• _TASK OBJECTIVE_:
After finding the line with "Igreja São Luiz" in the entries below, copy that line and each one after it exactly, through the last line, and omit pictures.

(Extracted data entries)
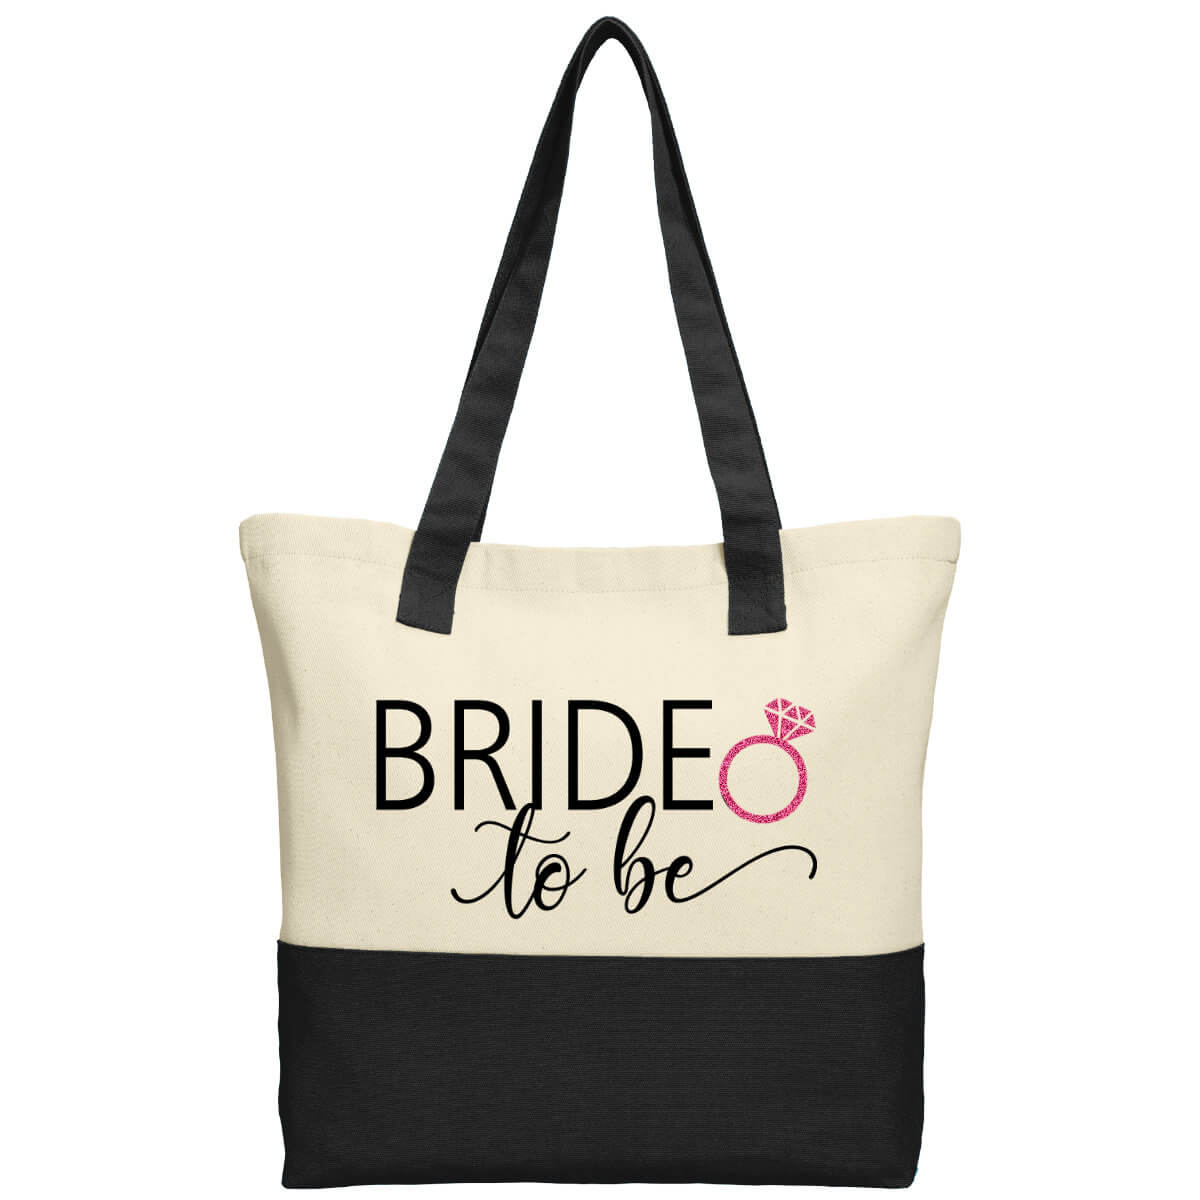 Bride & Bridesmaid Tote Bags - Personalized Brides
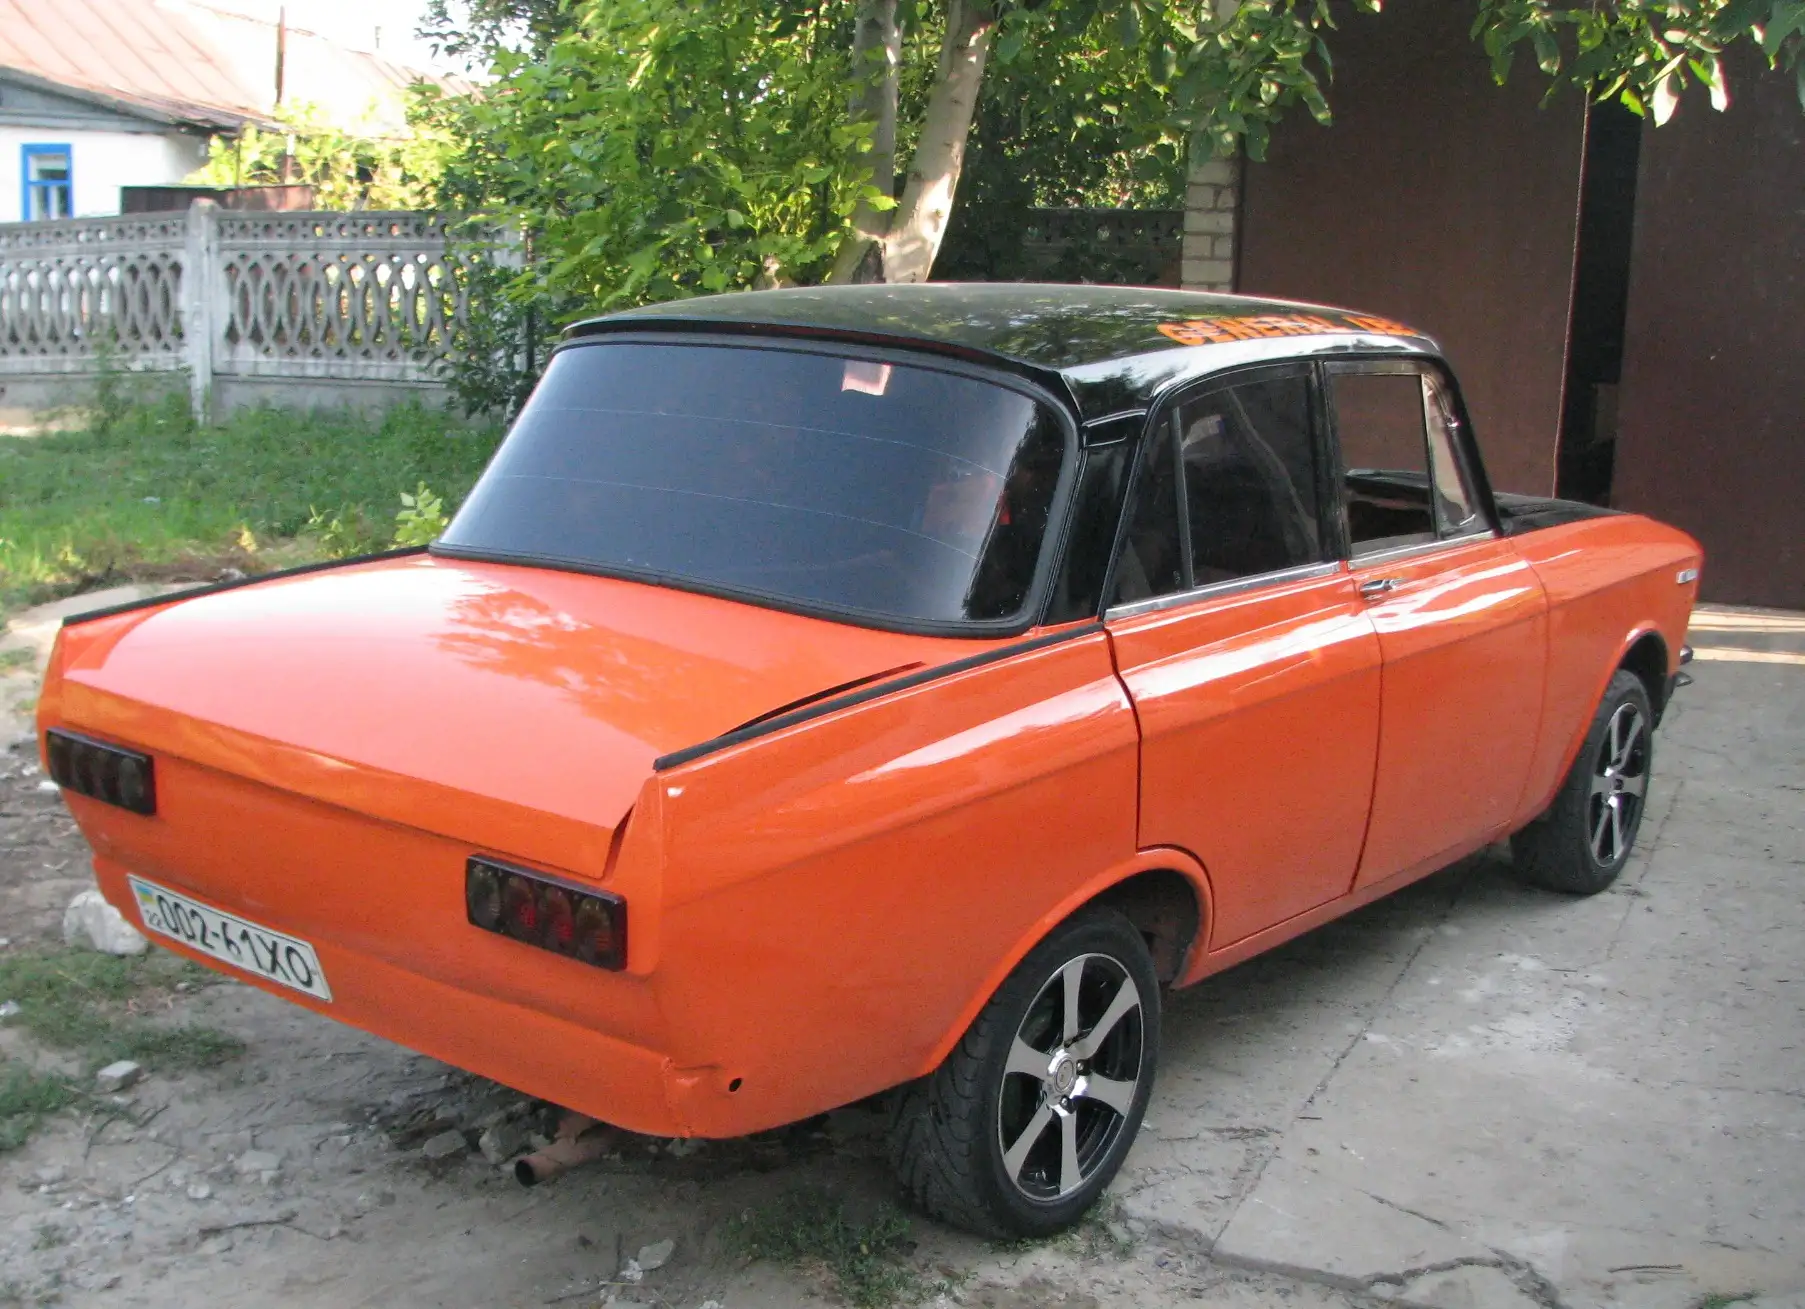 Тюнинг Москвича 412: сделаем старый автомобиль крутым
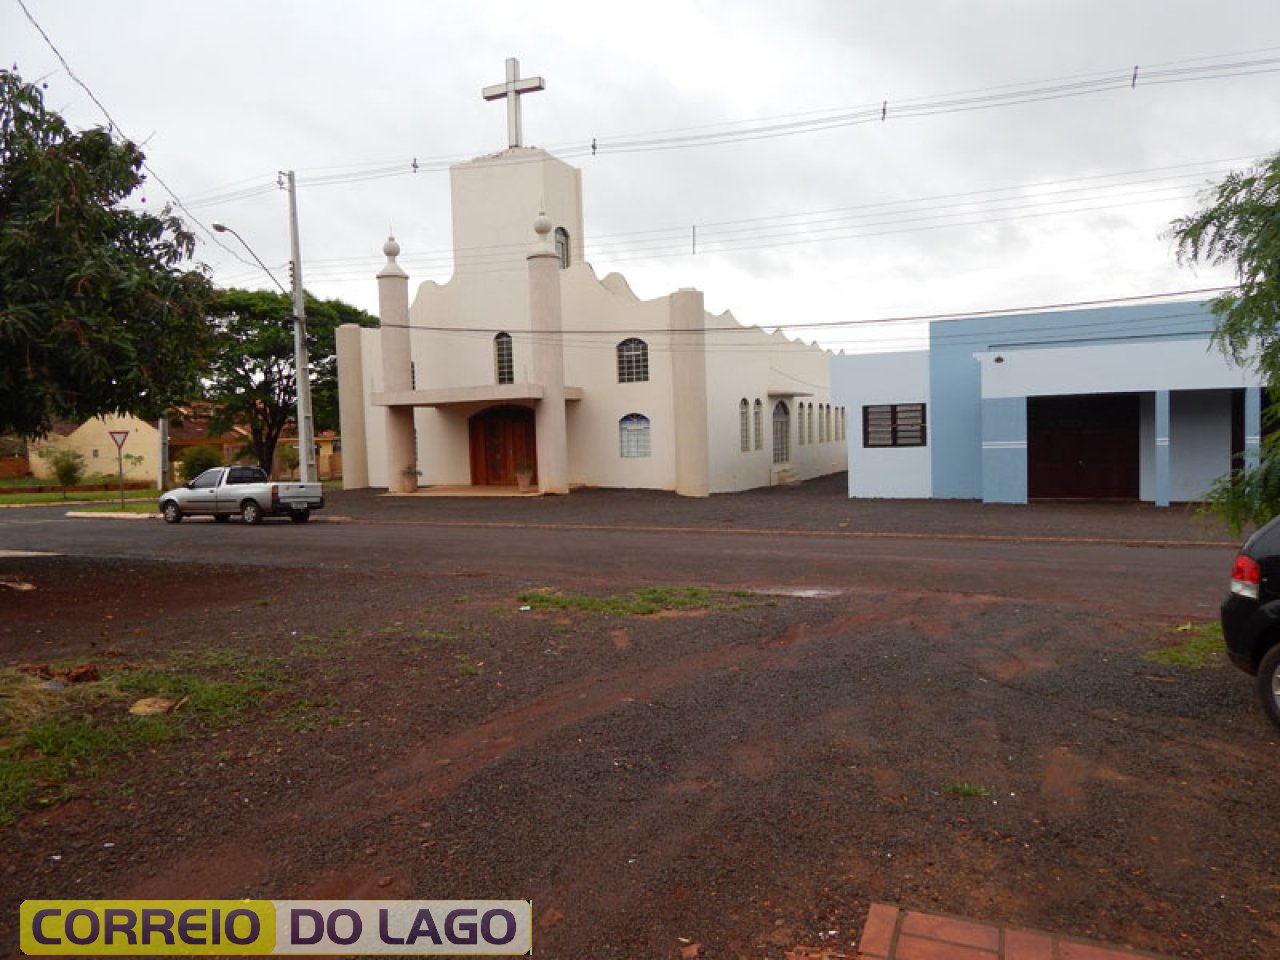 Igreja São Luiz Gonzaga - Bairro S. Luiz. José Carvalho foi mestre de obra quando da construção do templo religioso.
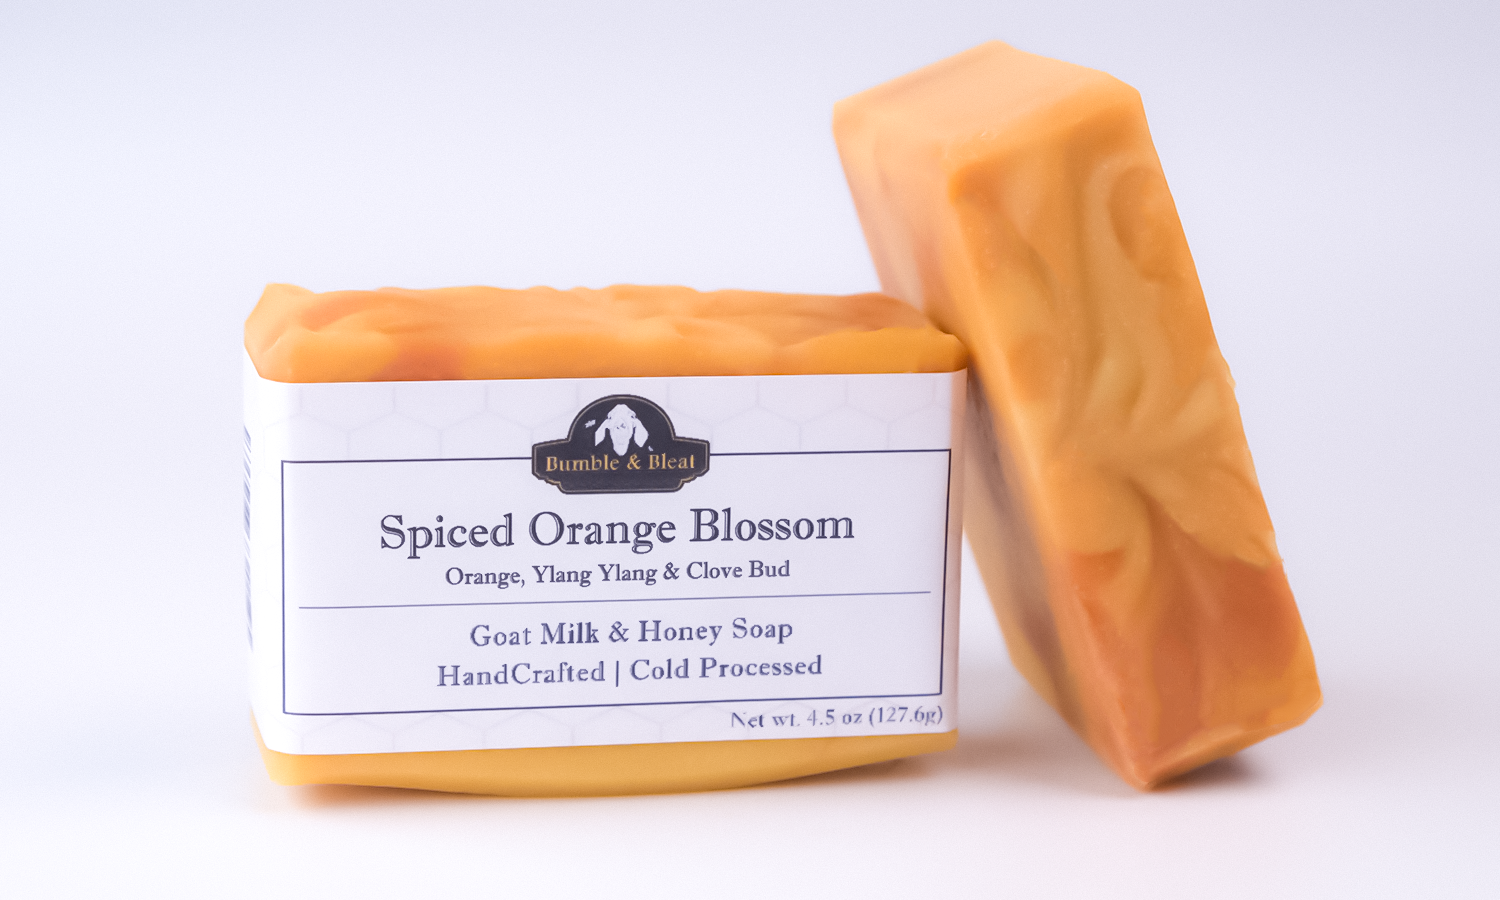 Spiced orange blossom bar soap
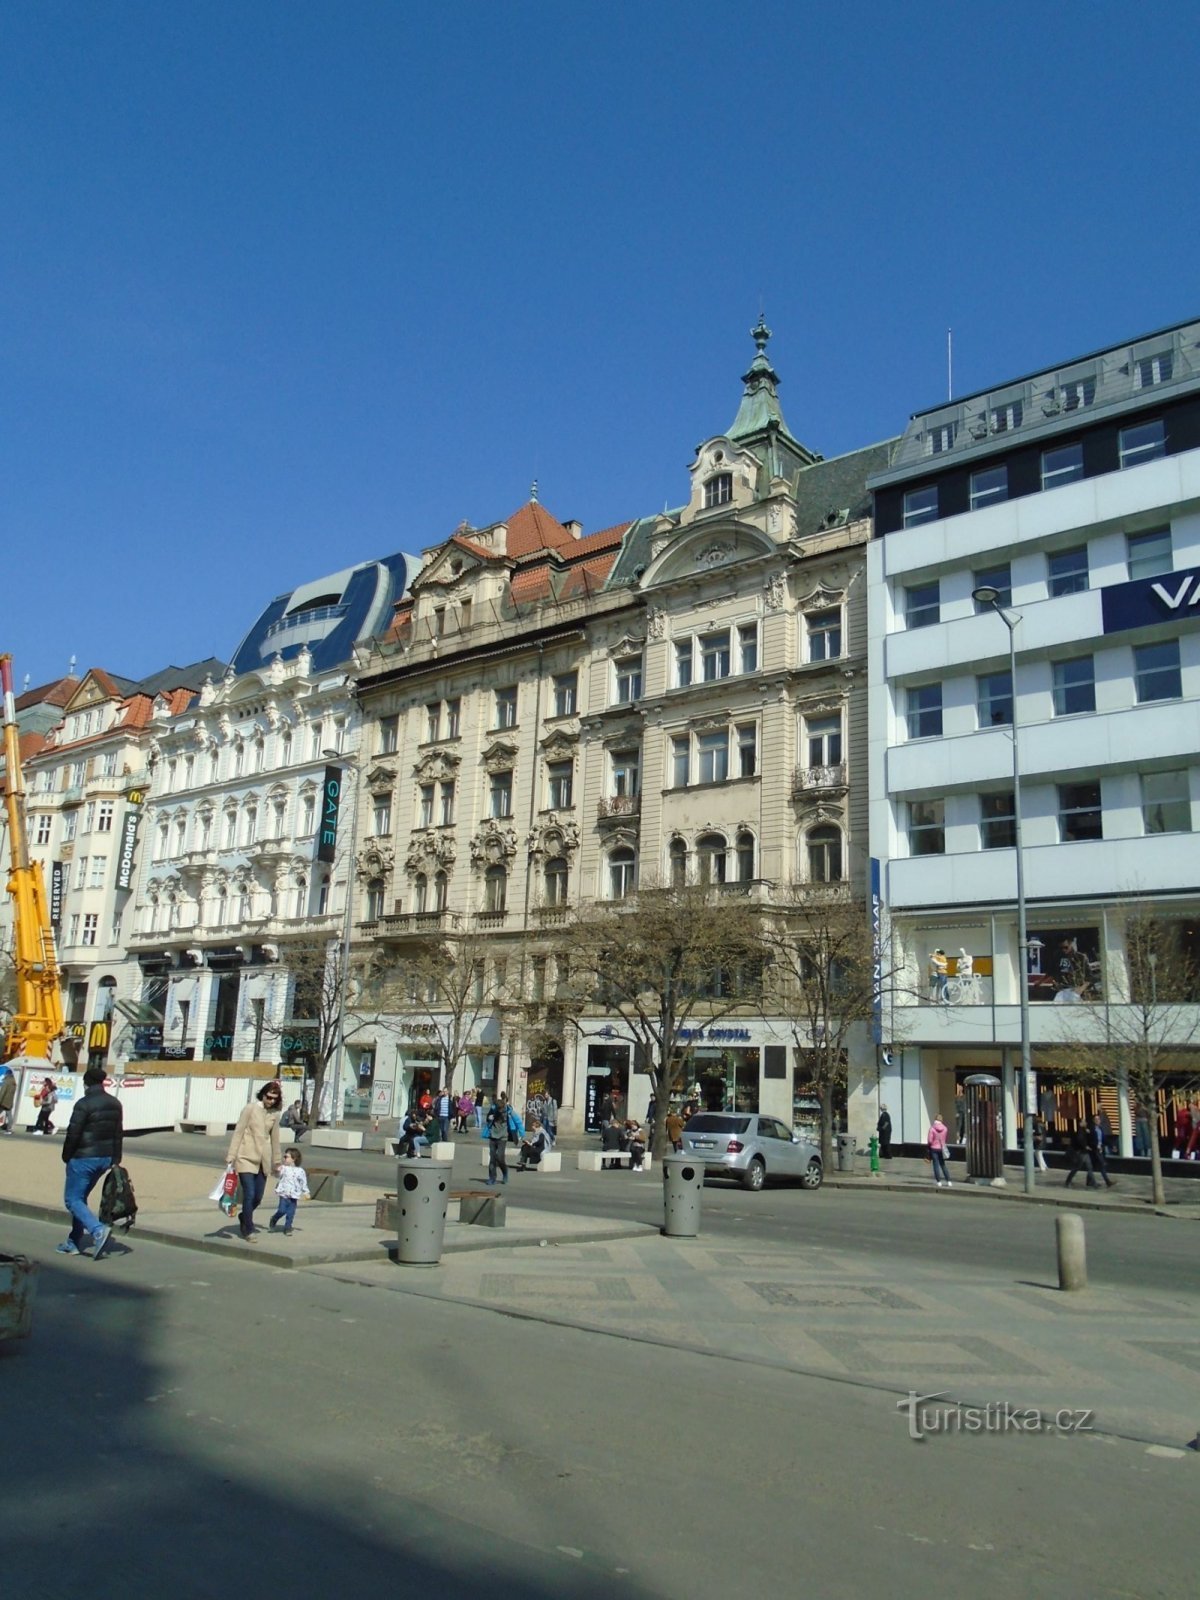 Václavské náměstí čp. 835 (Praha, 1.4.2019)

• _RESPONSE BELOW_:
 Igreja São Luiz Gonzaga - Bairro S. Luiz. José Carvalho foi mestre de obra quando da construção do templo religioso.
 Spiced orange blossom bar soap
 Václavské náměstí čp. 835 (Praha, 1.4.2019)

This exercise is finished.